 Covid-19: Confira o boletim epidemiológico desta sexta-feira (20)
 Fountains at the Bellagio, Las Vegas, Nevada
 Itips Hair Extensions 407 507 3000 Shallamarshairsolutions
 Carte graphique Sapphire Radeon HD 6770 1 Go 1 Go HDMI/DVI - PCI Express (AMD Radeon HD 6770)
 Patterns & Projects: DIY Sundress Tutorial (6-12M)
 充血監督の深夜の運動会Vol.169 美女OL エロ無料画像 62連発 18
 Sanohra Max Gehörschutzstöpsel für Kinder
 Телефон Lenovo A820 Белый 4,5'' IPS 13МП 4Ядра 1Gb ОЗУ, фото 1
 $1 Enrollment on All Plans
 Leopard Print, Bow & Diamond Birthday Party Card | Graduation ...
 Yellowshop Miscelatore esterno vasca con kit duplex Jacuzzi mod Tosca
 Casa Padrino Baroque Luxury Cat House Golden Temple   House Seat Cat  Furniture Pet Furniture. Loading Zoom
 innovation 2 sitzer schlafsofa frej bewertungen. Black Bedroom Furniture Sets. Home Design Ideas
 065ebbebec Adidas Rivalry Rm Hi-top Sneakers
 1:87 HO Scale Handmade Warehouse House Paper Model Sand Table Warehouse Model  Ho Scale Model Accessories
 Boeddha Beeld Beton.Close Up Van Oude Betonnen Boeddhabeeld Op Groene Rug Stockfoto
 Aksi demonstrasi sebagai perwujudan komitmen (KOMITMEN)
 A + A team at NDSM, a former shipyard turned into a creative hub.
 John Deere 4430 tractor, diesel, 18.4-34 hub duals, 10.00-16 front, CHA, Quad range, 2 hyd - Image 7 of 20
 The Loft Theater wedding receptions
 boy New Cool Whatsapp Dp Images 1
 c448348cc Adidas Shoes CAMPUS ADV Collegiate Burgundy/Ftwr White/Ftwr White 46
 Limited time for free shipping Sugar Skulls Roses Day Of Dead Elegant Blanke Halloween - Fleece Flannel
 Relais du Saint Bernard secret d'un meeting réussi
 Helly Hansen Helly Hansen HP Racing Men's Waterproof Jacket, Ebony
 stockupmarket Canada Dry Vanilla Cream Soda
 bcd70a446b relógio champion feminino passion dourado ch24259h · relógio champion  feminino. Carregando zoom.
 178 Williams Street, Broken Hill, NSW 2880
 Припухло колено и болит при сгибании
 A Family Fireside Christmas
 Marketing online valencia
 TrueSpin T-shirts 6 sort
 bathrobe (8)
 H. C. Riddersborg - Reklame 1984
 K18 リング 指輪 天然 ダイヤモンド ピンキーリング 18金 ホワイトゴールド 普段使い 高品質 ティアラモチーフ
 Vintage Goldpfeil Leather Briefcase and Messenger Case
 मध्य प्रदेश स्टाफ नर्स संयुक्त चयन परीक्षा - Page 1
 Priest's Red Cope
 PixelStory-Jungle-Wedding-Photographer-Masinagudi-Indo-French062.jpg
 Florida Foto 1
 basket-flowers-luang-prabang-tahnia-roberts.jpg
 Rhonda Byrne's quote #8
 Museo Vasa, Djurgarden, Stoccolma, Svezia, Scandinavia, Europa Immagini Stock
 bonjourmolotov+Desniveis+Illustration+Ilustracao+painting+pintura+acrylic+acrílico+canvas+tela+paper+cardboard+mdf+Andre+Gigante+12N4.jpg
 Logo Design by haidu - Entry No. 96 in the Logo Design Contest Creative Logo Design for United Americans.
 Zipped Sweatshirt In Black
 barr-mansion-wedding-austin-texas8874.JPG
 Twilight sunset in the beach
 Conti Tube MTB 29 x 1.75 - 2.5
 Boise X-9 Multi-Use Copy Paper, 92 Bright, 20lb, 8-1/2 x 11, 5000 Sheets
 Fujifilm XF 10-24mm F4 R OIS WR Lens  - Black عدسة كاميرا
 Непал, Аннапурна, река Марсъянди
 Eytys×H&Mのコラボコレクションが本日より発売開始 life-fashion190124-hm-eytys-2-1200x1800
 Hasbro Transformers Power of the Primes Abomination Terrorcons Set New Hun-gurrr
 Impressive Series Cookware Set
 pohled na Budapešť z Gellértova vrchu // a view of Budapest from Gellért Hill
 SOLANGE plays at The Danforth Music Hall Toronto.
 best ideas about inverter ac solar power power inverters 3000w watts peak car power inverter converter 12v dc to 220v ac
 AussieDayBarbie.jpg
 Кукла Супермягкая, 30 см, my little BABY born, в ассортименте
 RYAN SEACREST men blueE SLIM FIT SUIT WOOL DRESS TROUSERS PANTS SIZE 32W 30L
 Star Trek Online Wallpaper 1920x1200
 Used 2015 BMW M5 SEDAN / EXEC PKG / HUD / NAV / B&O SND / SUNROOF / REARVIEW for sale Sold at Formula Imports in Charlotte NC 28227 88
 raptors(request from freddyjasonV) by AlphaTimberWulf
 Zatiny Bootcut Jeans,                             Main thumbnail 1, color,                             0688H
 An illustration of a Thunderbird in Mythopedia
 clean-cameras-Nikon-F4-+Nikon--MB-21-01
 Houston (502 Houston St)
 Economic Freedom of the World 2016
━━━━
What to work on:
Only the lines from the one containing "A + A team at" through the one containing "178 Williams Street, Broken Hill, NSW 2880" are to be retyped, both boundary lines included, with no other material.

Solution to this exercise:
 A + A team at NDSM, a former shipyard turned into a creative hub.
 John Deere 4430 tractor, diesel, 18.4-34 hub duals, 10.00-16 front, CHA, Quad range, 2 hyd - Image 7 of 20
 The Loft Theater wedding receptions
 boy New Cool Whatsapp Dp Images 1
 c448348cc Adidas Shoes CAMPUS ADV Collegiate Burgundy/Ftwr White/Ftwr White 46
 Limited time for free shipping Sugar Skulls Roses Day Of Dead Elegant Blanke Halloween - Fleece Flannel
 Relais du Saint Bernard secret d'un meeting réussi
 Helly Hansen Helly Hansen HP Racing Men's Waterproof Jacket, Ebony
 stockupmarket Canada Dry Vanilla Cream Soda
 bcd70a446b relógio champion feminino passion dourado ch24259h · relógio champion  feminino. Carregando zoom.
 178 Williams Street, Broken Hill, NSW 2880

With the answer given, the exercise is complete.